Description
FOR IMMEDIATE RELEASE -- St. Louis, MO – June 13, 2008 – ETHEX
Corporation announced today that it has voluntarily recalled specific additional
lots of morphine sulfate 60 mg extended release tablets, and specific lots
of morphine sulfate 30 mg extended release tablets, as a precaution, due to
the possible presence of oversized tablets. Oversized tablets may contain
as much as two times the labeled level of active morphine sulfate. The
recalled lots were distributed by ETHEX Corporation under an “ETHEX” label
between June 2006 and May 2008. The lot numbers involved in the recall
are:
Morphine Sulfate ER 30mg Tablet/NDC # 58177-320-04: Lots 75090,
77846, 77847, 80048, 83320, 89661, 89665, 90252 through 90258, and 93284
Morphine Sulfate ER 60mg Tablet/NDC # 58177-330-04: Lots 91762
(previously reported), 75091, 75092, 77848 through 77851, 82517, 82518, 83333,
83817, 83862, 84111, 84112, 84315, 84900, 85326, 85335, 85807, 86270 through
86276, 87723, 87939, 88007, 89083, 89668, 89669, 89821, 90260 through 90272,
and 91763 through 91765.
No report of unexpected side effects or injury has been received. However,
opioids such as morphine, have life-threatening consequences if overdosed. Those
consequences can include respiratory depression (difficulty or lack of breathing), and
low blood pressure, apnea, and hypotension.
The voluntary recall follows a report that a tablet with as much as double
the appropriate thickness was identified in a previously recalled lot. No
oversized tablets have been identified in any additional distributed lot of these
products and, based on our investigation, there are likely to be few, if any,
oversized tablets in the recalled lots. The decision to recall the additional
lots listed above has been taken as a responsible precaution because of the possibility
that there may be oversized tablets in those lots.
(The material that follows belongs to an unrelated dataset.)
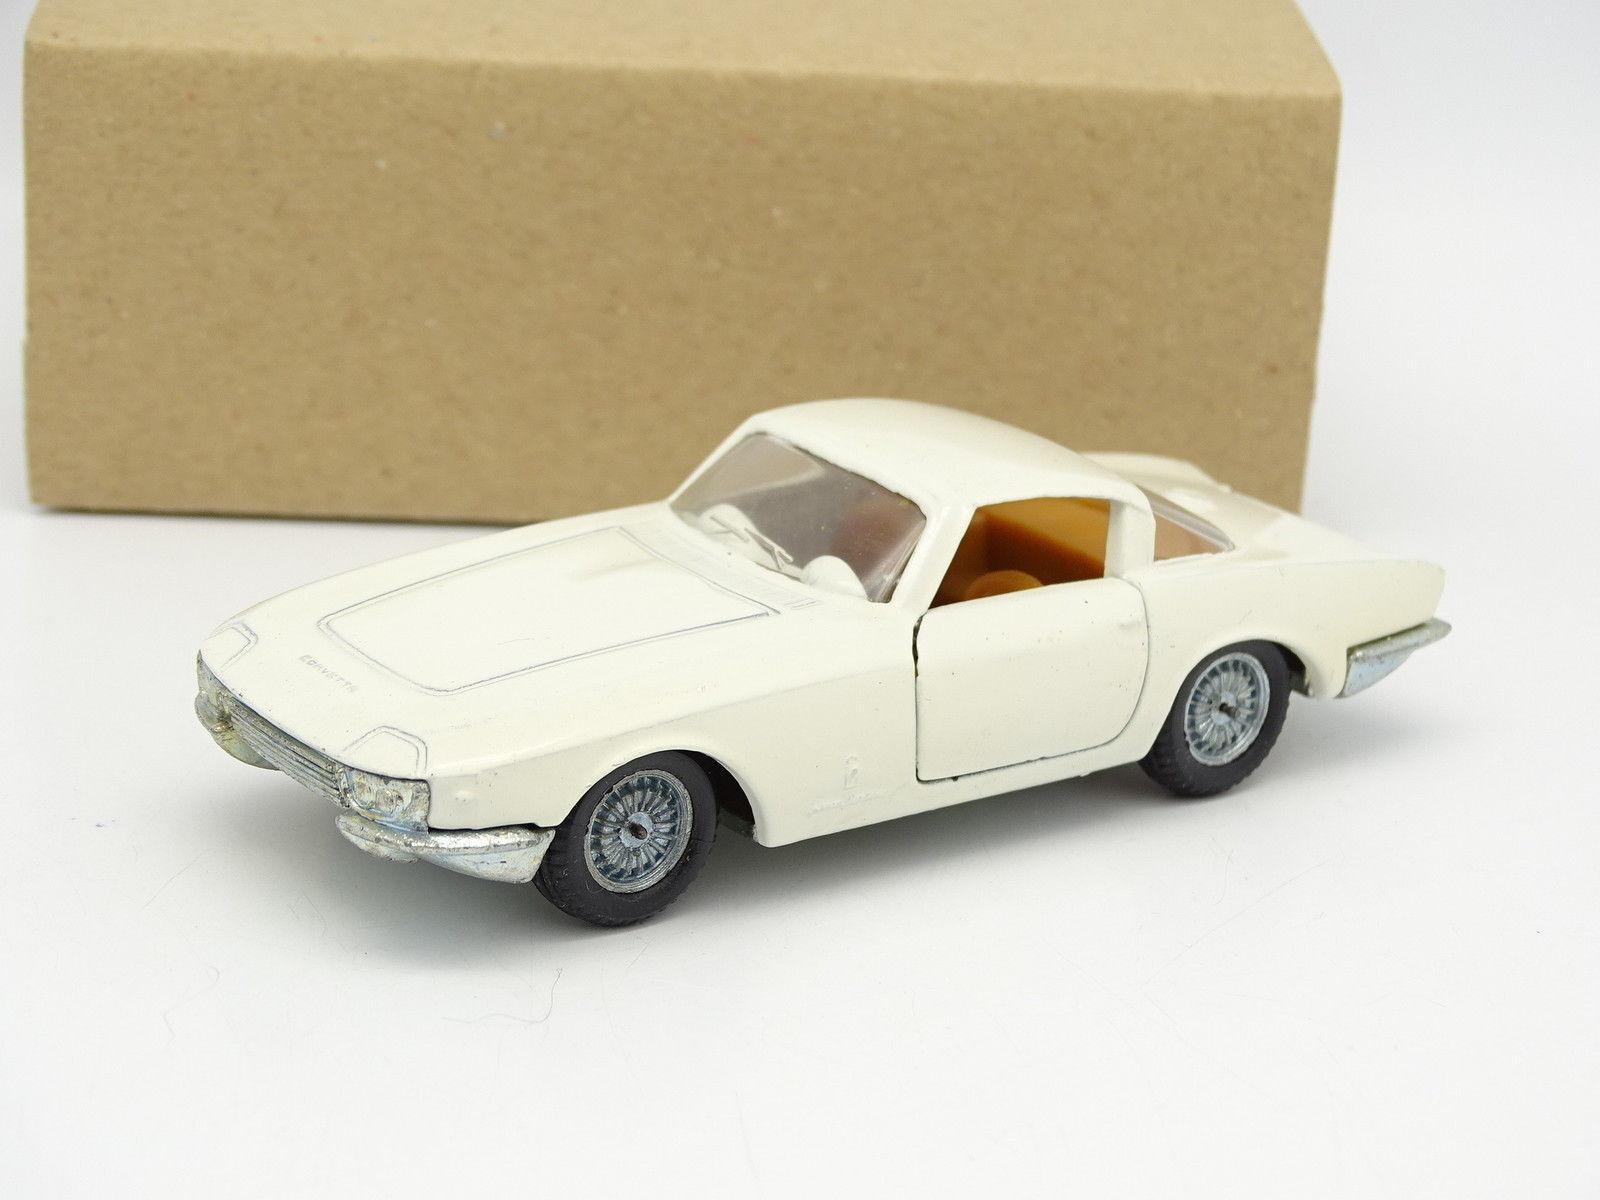 Politoys 1/43 - Chevrolet Corvette Pininfarina Rondine Bianco

The 60 mg product is a white oval tablet with “60” on one side, and “E” on
the reverse. The 30 mg product is a pink oval tablet with “30” on
one side, and “E” on the reverse.
Any customer inquiries related to this action should be addressed to ETHEX
Customer Service at 1-800-321-1705, or fax to ETHEX Customer Service at 314-646-3751
or sent via email to: customer-service@ethex.com with representatives available
Monday through Friday, 8 am to 5 pm CDT.
ETHEX Corporation has initiated recall notifications to wholesalers and retailers
who have received any inventory of the recalled lots of this product with instructions
for returning the recalled product and, if they have not already done so, they
are urged to contact the number above regarding procedures for returning the
recalled product. If consumers have any questions about the recall, they
should call the number above, their physician, their pharmacist or other health
care provider.
This recall is being conducted with the knowledge of the Food and Drug Administration
(FDA).
Any adverse reactions experienced with the use of this product, and/or quality
problems may also be reported to the FDA's MedWatch Program by phone at 1-800-FDA-1088,
by Fax at 1-800-FDA-0178, by mail at MedWatch, FDA, 5600 Fishers Lane, Rockville,
MD 20852-9787, or on the MedWatch website at www.fda.gov/medwatch.